Thank you. The next question is from the line of Varun Jelasarya from 360 Capital. Please go ahead.
Yeah, hi, sir. I just wanted to check, on the backward side, what is the kind of communication and the display showrooms that we have currently?
I don't have this number on hand, but after the call, you can get in touch with Hiranand Savlani. Hiranand Savlani will provide you with the latest numbers.
I think till 1,000 number we were giving to the market, but now every day new counters are getting in the system. We don't track on a daily basis, but I think till 1,000 mark was reached, till that time we were giving the investor the number. Now every day new counters are getting added. I have also not checked recently what is the real number, but definitely I will collect from the team and pass on it to you.
Are these all full display showrooms or just the counters there?

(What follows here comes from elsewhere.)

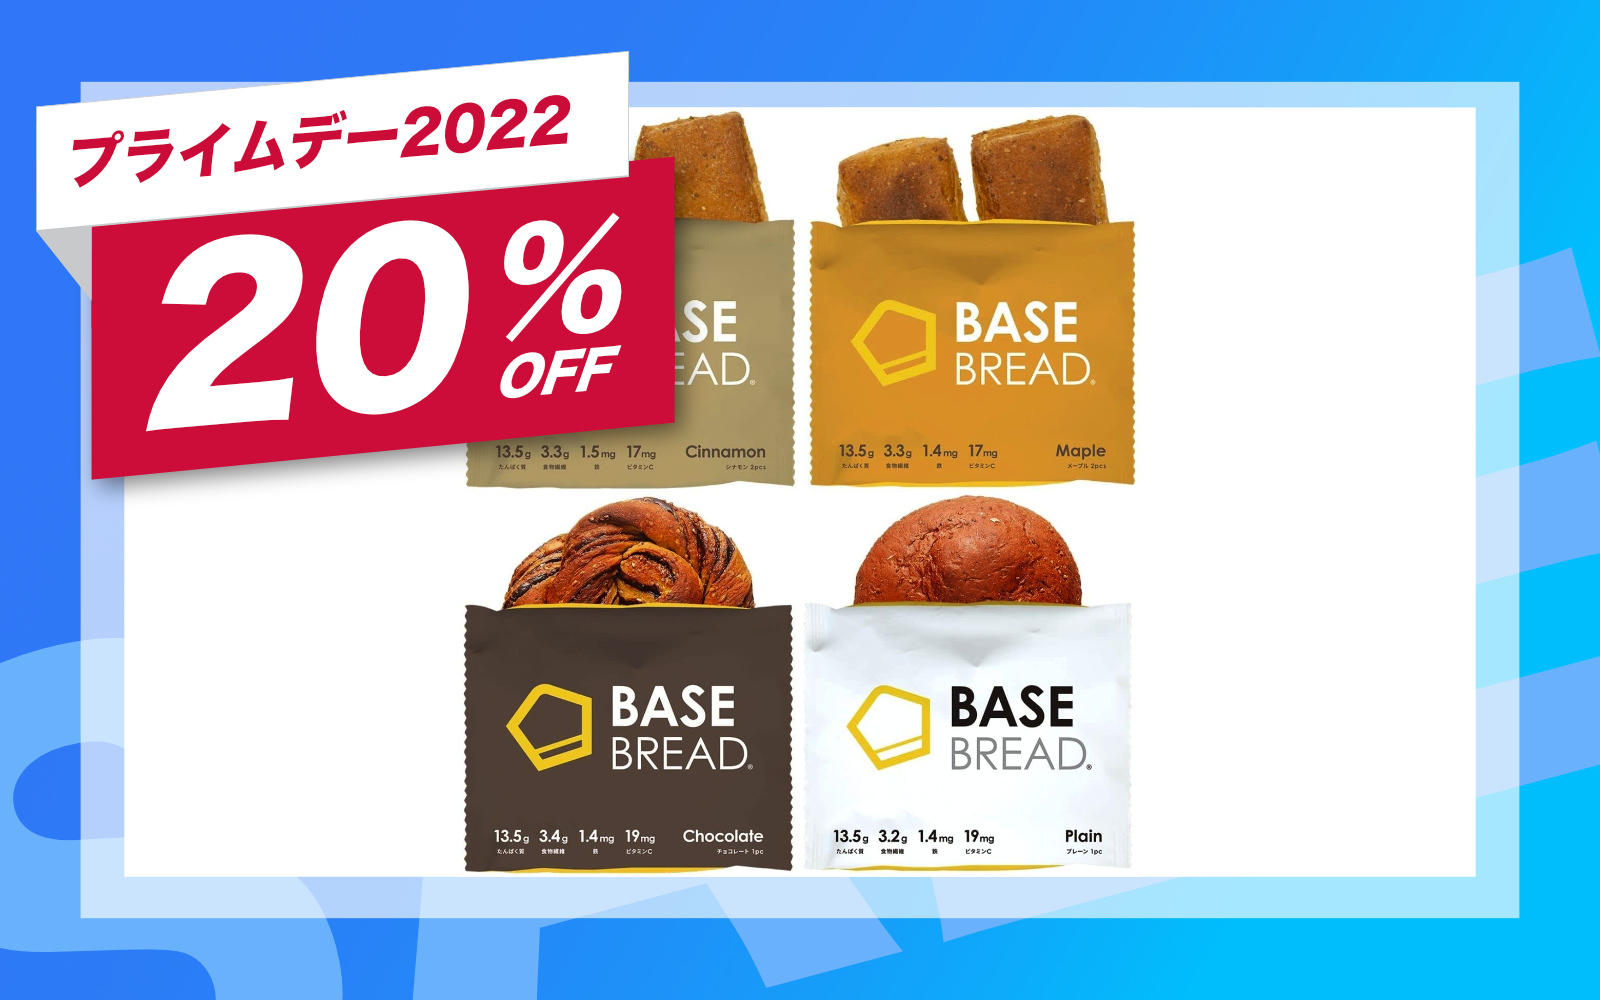 AmazonPrimeDay2022 Sale Item Base Bread

It will be a dealer's point where they give us one section for the display. One wall they are giving it to us to do the display activities. That is how they work. Exclusive showrooms also there. That is our distributor. They do the exclusive showroom where all the Bathware products will be displayed, and that will be exclusively for Astral products. These kind of also many shows are being already there in the system. Otherwise, on the dealer point, they give us a one wall, and there they do the display.
Okay, sir. I'll connect with you. What was the losses that we incurred in the Bathware in the first quarter?
To be very honest, because earlier it was a separate plant, we were able to know the exact number. Now the same plant is manufacturing a lot of plumbing-related products also. It is very difficult for us to work out the Bathware-related profit or loss because it is clubbed with the plumbing product. There we are manufacturing a lot of brass rings. I can say thousands of everyday rings are getting produced over there, which are being used in the plumbing product. All this, our brass, Elmo, teak, coupling, all these brass items for PVC and CPVC, all are manufactured in the same plant. It is very difficult to know the exact number of profit or loss for the Bathware. It is clubbed with the plumbing product.
Okay, sir. Thank you. I'll connect with you offline for the showroom number. I'll read it to you.
Thank you.
Thank you.
I think you can take the last question.
Sir, there are no questions.
Okay, okay. Thank you, everyone, for joining us on this call. We are committed to working hard and delivering growth. I know the last couple of quarters have been very challenging, but they have been challenging for everyone in the industry. The entire building material industry is going through a tough phase. Good things are looking in the near future. We hope that good things are there in store for the industry, and we will continue to deliver best on our promises as possible. Thank you, everyone, and have a good day.
Thank you, everyone, and thank you, Sreya, for hosting this call. If any question is not answered, we request that you can directly call on my mobile number. Thank you so much.
Thank you. On behalf of Nuvama Wealth Management, that concludes this conference. Thank you for joining us, and you may now disconnect your lines.